So, are you selling the heifer calves?


----------



## Madsaw (Feb 26, 2008)

Bringing this up as I need to move some heifers. Got a 2month old on milk, 2 7 months and 2 breed heifers. Plus have other dairy crosses to sell also.
Thanks
Bob


----------



## francismilker (Jan 12, 2006)

Have I missed you posting the price on these girls? What are you asking?


----------



## Madsaw (Feb 26, 2008)

Well the price from youngest to oldest is. 200,300,350,600and 700.
I can get pics posted of the all in a day or so. The springers are just bagging good and are calm.
Bob


----------



## myheaven (Apr 14, 2006)

Madshaw where in wi are you? I havent asked dh but looking into the young heifer. I can keep the white park going. Dh is asleep but we are looking for heifers. Pm me please


----------



## Madsaw (Feb 26, 2008)

I am in the southwest corner. Little town called darlington.
I will pm you my phone number.
Thanks
Bob


----------



## francismilker (Jan 12, 2006)

FWIW, If someone has a way or idea of hauling that distance let me know. I'd be VERY interested in a couple of the heifers. I just can't make the hauling/shipping happen. Wisconsin is simply too far. If someone is already headed that way to make a pickup maybe we can work something out.


----------



## Madsaw (Feb 26, 2008)

MyHeaven
If you look at the pic in the posting on 7/02/12 that was the pic I took the morning I found Storm. She is the one you will be looking at tomorrow. So I was a bit off by the age of her. She is very spirited and sweet calf.
Francis
I will keep a ear out and see what I may find on this end. Take alook at Uship and see if there is anyone looking for something to haul out your way. PM which ones you are interested in.
Thanks
Bob


----------



## myheaven (Apr 14, 2006)

Well holly aka storm is disturbing the peace! She is vocal at this moment. Molly keeps mooing tO holly and vise versa. Now they are getting the calves into the Mix and the goats. She will settle down soon. Gave her a shot of b vitamin to help with the stress of the move. Boy did she yell when we stopped for gas! Strangers were talking to her. Lol. People get so concerned when a bovine bellers. She already respects the halter. That's good. Now to teach her to lead.


----------



## Madsaw (Feb 26, 2008)

MyHeaven,
It was great to meet you and your hubby the other day. I am glad Holly found a great home. Yeah I bet she was missing her bottle come night time.
If you want anymore just give me a call. I missed her for a few days. She always liked to be talked too when I feed hay.
Thanks
again
Bob


----------



## myheaven (Apr 14, 2006)

Well we got holly weaned. Whe have her with our holstine bull calf. He will be de Nutted when it gets cooler. I can't believe I'm saying that I the middle of November. Any who. Had the two separated today to clean their house and boy did that girl put up a stink about it!!! Oh how I desire for more heifers. I'm bad!


----------



## Madsaw (Feb 26, 2008)

myheaven said:


> Well we got holly weaned. Whe have her with our holstine bull calf. He will be de Nutted when it gets cooler. I can't believe I'm saying that I the middle of November. Any who. Had the two separated today to clean their house and boy did that girl put up a stink about it!!! Oh how I desire for more heifers. I'm bad!
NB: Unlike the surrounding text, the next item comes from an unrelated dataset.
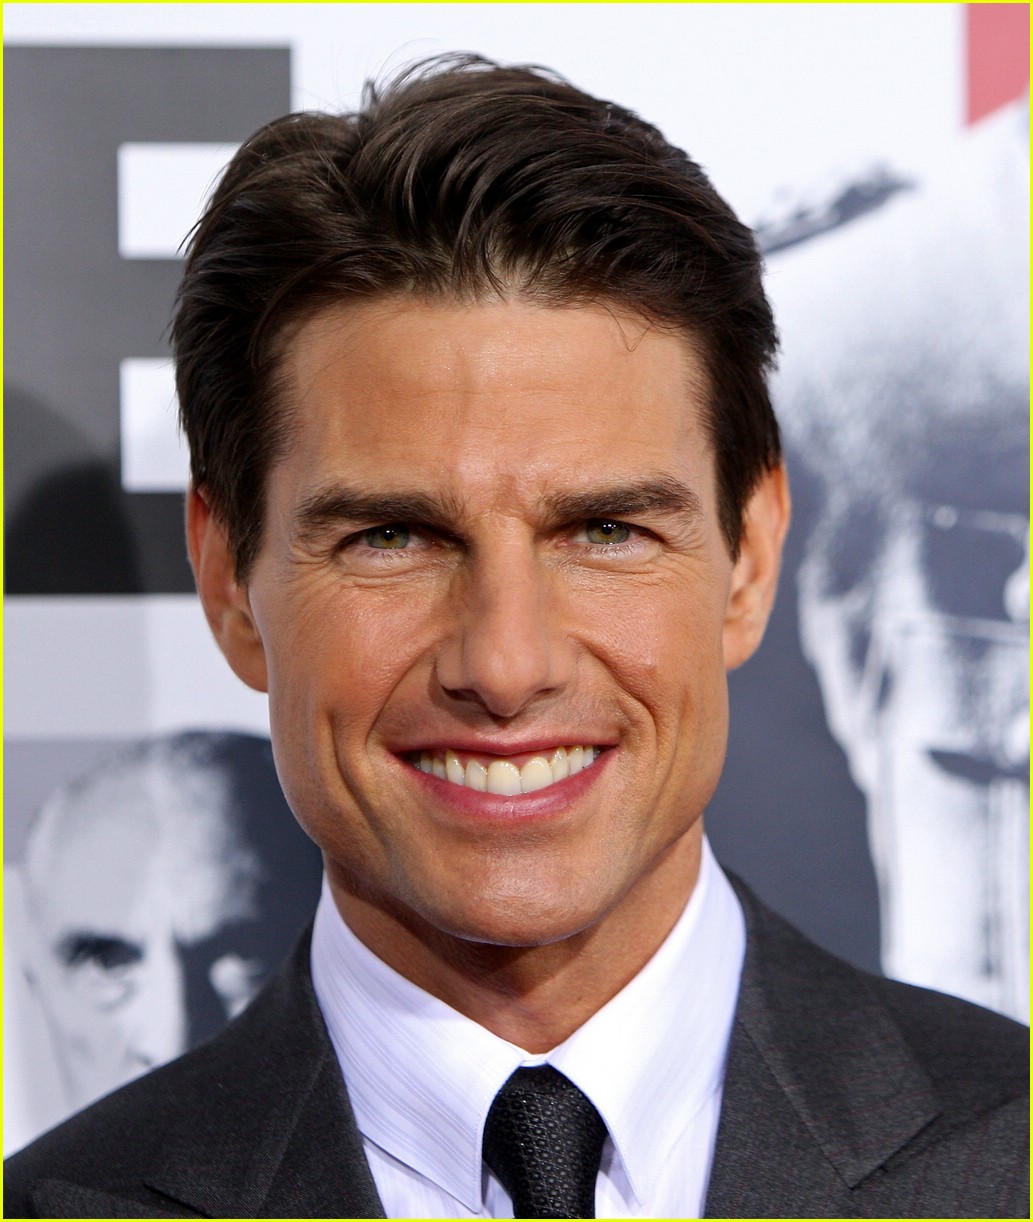 Hairstyles for men: Tom Cruise Hair - The Sleek Appearance 
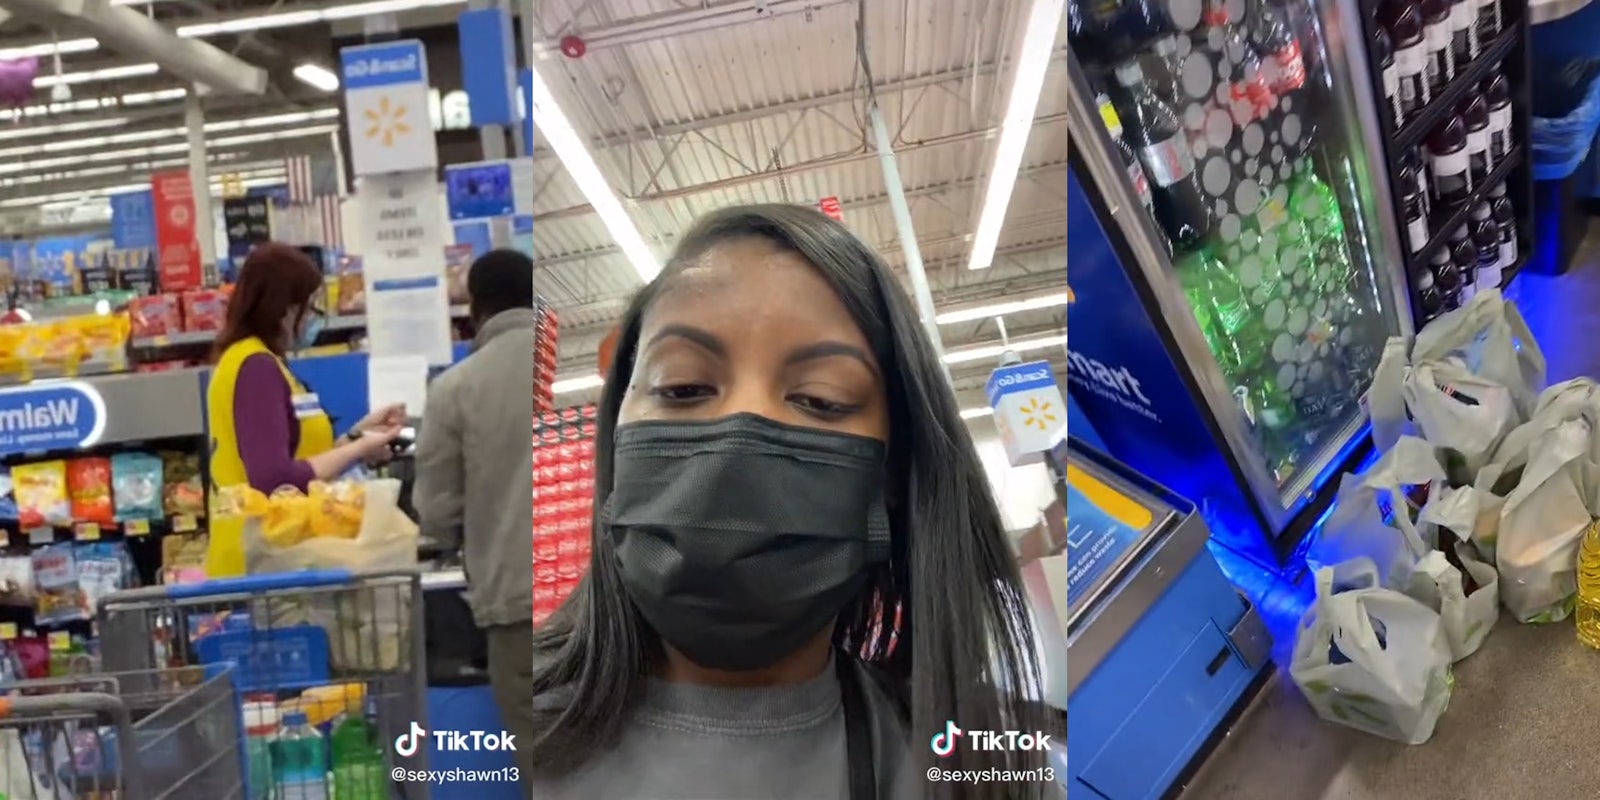 walmart worker at register (l) woman in mask (c) bagged items on floor (r)

Well Holly might want you to come down and get Tank and maybe Princess too. Tank is being a stinker and wandering the farm any more. SHould be haveing a couple more of the whites calf in teh next month or so.
Bob


----------



## francismilker (Jan 12, 2006)

Madsaw said:


> Well Holly might want you to come down and get Tank and maybe Princess too. Tank is being a stinker and wandering the farm any more. SHould be haveing a couple more of the whites calf in teh next month or so.
> Bob


Does anyone got any suggestions on getting 2-4 head shipped? All I can find on the net is big box shippers that advertise hauling semi loads. Thanks.


----------



## Madsaw (Feb 26, 2008)

francismilker said:


> Does anyone got any suggestions on getting 2-4 head shipped? All I can find on the net is big box shippers that advertise hauling semi loads. Thanks.


PM me you address. I will do some checking on my end. Also I will list on uship.
thanks
Bob


----------



## francismilker (Jan 12, 2006)

Madsaw said:


> PM me you address. I will do some checking on my end. Also I will list on uship.
> thanks
> Bob


pm sent.


----------